# Installer / fabricator Orlando to WPB, FL



## rockin (Sep 13, 2012)

Need to get serious about getting this install done, so posting here. I need an experienced fabricator who can fab pillars and sail panels, build an Aperiodic enclosure (not difficult) everything else is straightforward. Amp rack for 3 amps and 1/3 octave EQ. 6.5 in doors. Din HU. I have all parts, dash kit, wiring, even wood. 2004 Buick Regal. Luxury to install in compared to today's cars. I don't have the time to do this. PM if you are qualified w/ gallery or references and somewhere between West Palm Beach and Orlando.


----------



## SkizeR (Apr 19, 2011)

go to russ at octave audio


----------



## rockin (Sep 13, 2012)

Would love to, unfortunately I am unable to contact him and can't put this off any longer.


----------



## SkizeR (Apr 19, 2011)

why cant you contact him? you cant call his shop?


----------



## rockin (Sep 13, 2012)

No answer. No call back. Moving forward.


----------



## thehatedguy (May 4, 2007)

Soundcrafters in Daytona Beach is good.

Would you go to Ocala? I know it's the opposite direction from WPB.


----------



## rockin (Sep 13, 2012)

What's in Ocala?


----------



## miniSQ (Aug 4, 2009)

Are you close to this place? Jon is a member here i believe.

Lakeland, FL Auto Glass Repair Shop | Auto Glass Repair Shop 33801 | Blvd Customs Of Lakeland


----------



## rockin (Sep 13, 2012)

Close enough, but their gallery isn't too impressive.


----------



## miniSQ (Aug 4, 2009)

rockin said:


> Close enough, but their gallery isn't too impressive.


give them a call...i went and talked to them when i was vacationing in dade city last year and needed a audio fix. They got some skills...and yes i agree the website sucks. Facebook page is better.

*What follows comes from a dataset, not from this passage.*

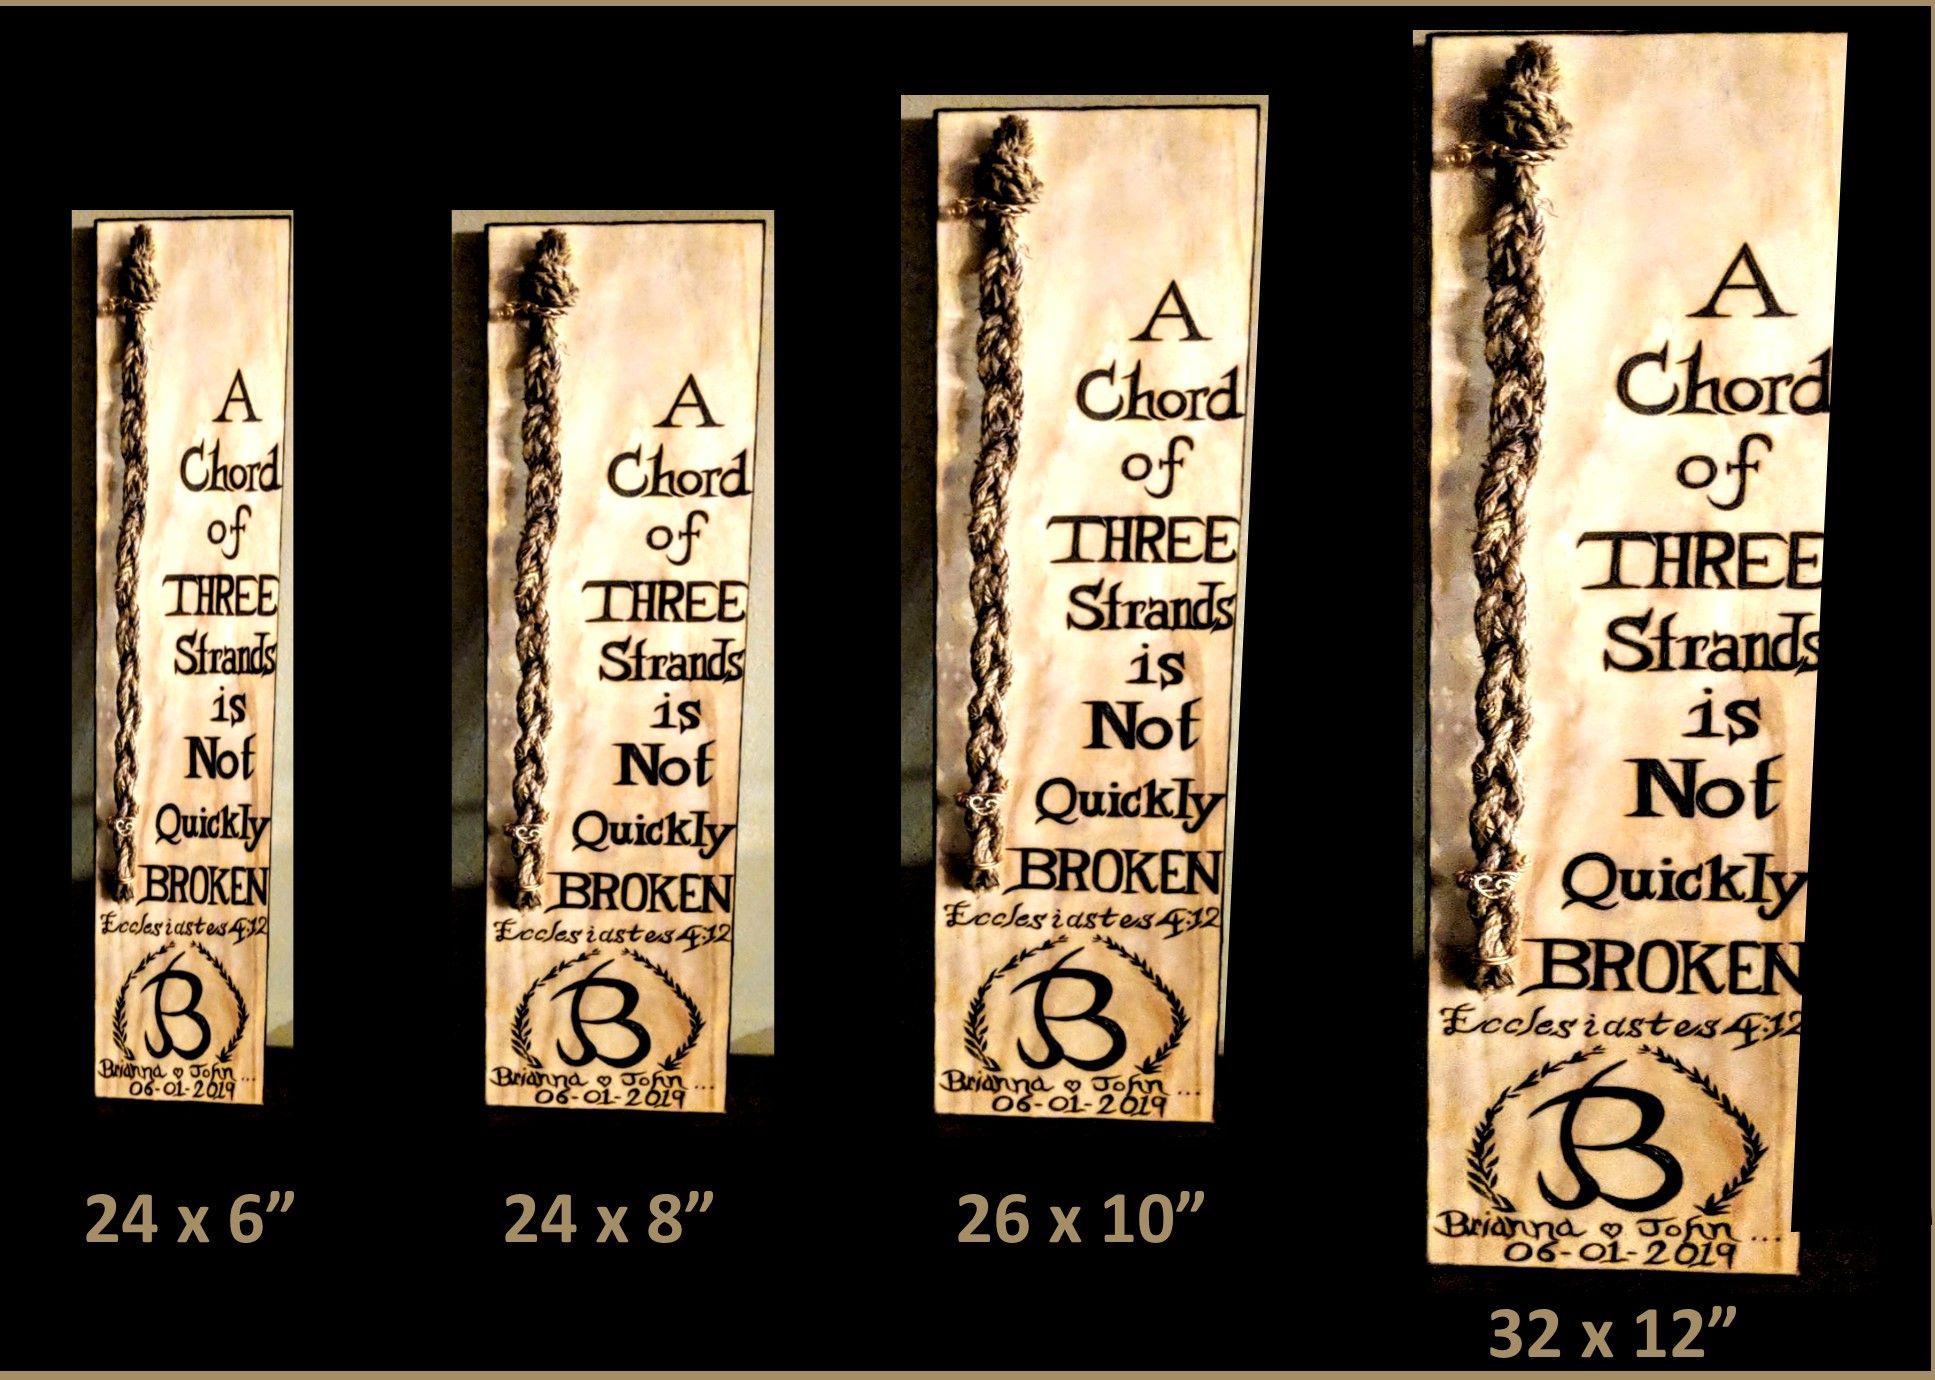 Wedding Braid Sign Cord Of Three Strands Ceremony Braid Sign Personalized Ceremony Braid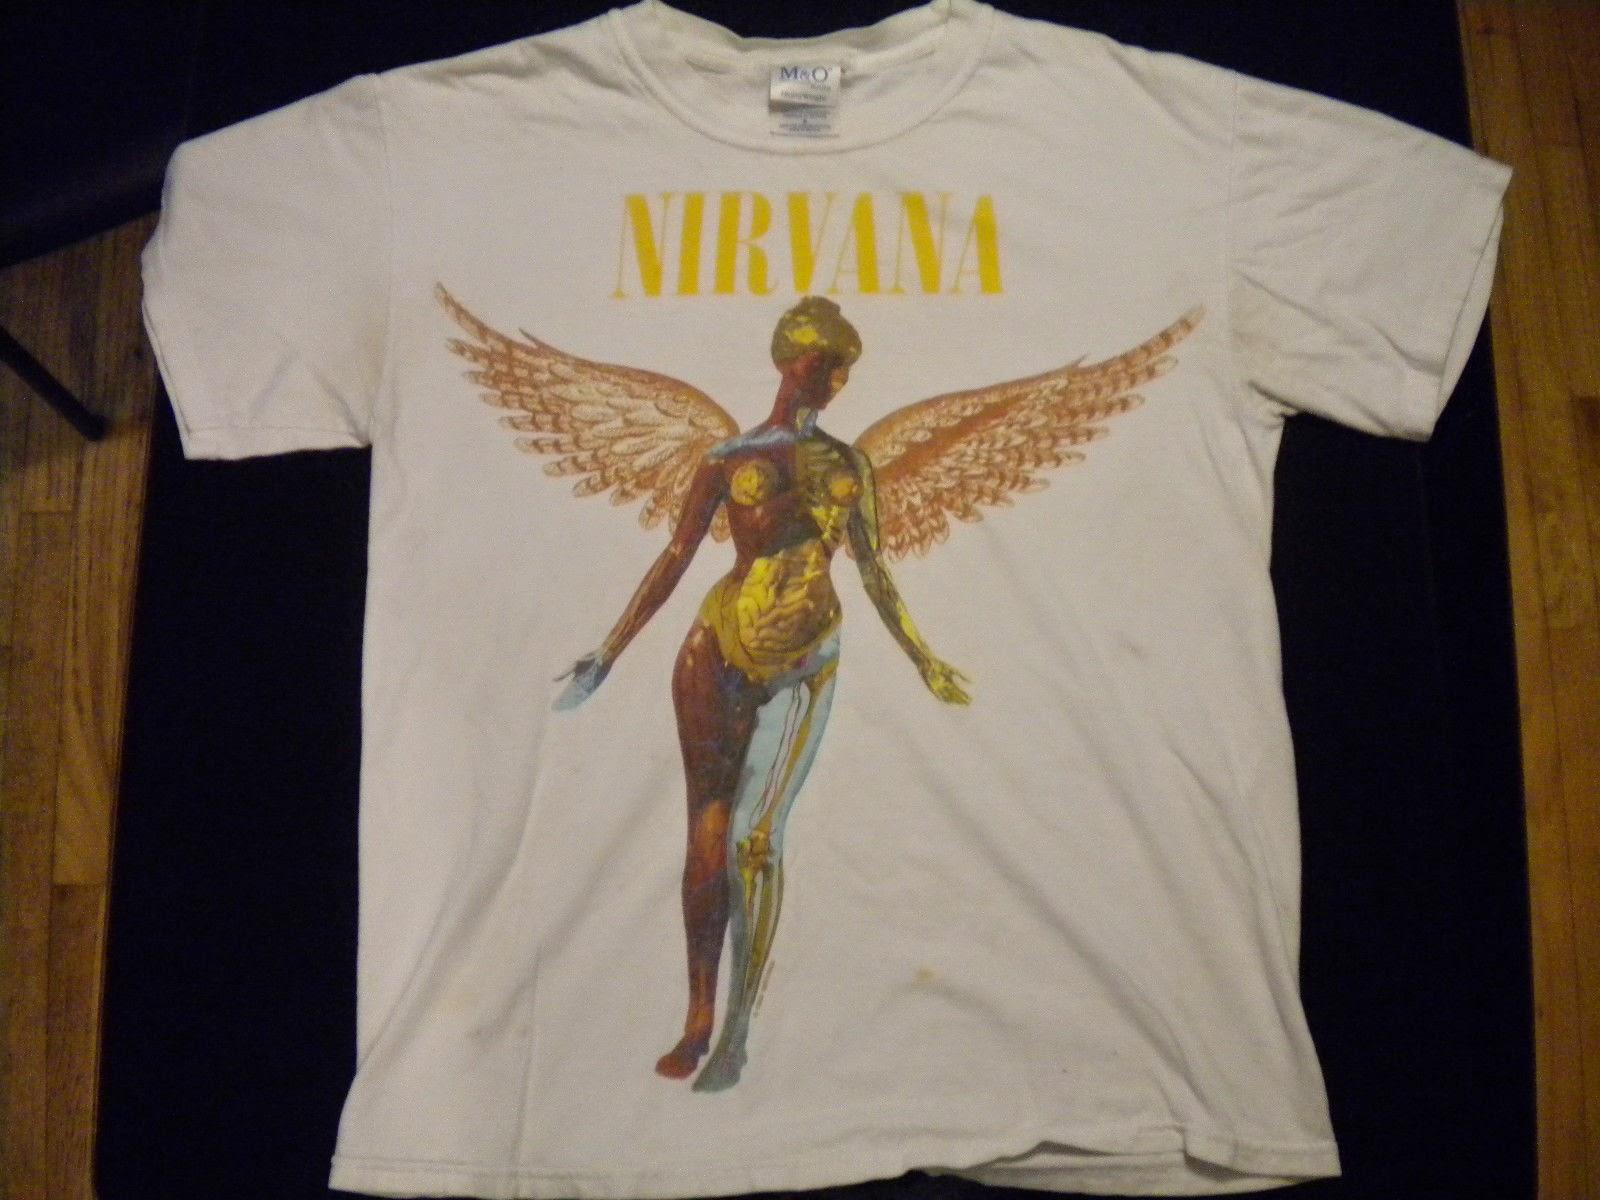 ace413fe NIRVANA IN UTERO T-SHIRT licensed 1993 M&O rare 90's | vintage t-shirt

https://www.facebook.com/pages/Blvd-Customs-of-Lakeland/145019995476?fref=ts


----------



## rockin (Sep 13, 2012)

I've had EXACTLY 0 shops / installers inquire about doing this install. LOL.


----------



## JayinMI (Oct 18, 2008)

Honestly, not a lot of fabricators are on here. There's a few, don't get me wrong, but a lot of the big dogs aren't. Probably why you haven't gotten a response. 
Maybe try posting in another section. When I see "Car Audio Jobs," I think shops are hiring, not individuals for one project.

Good luck, tho.

Jay


----------



## rockin (Sep 13, 2012)

Did get this install done about a month ago. Was going to do a review and post some pics, but the shop never sent me any pics.


----------



## Coppertone (Oct 4, 2011)

^^^. Did it meet and or exceed your expectations ?


----------



## rockin (Sep 13, 2012)

2 b honest, elements of the install did meet my expectations, other elements EXCEEDED my expectations (how often can you say that) and some elements fell short of my expectations.


----------



## Coppertone (Oct 4, 2011)

So it all balanced out in the end then.


----------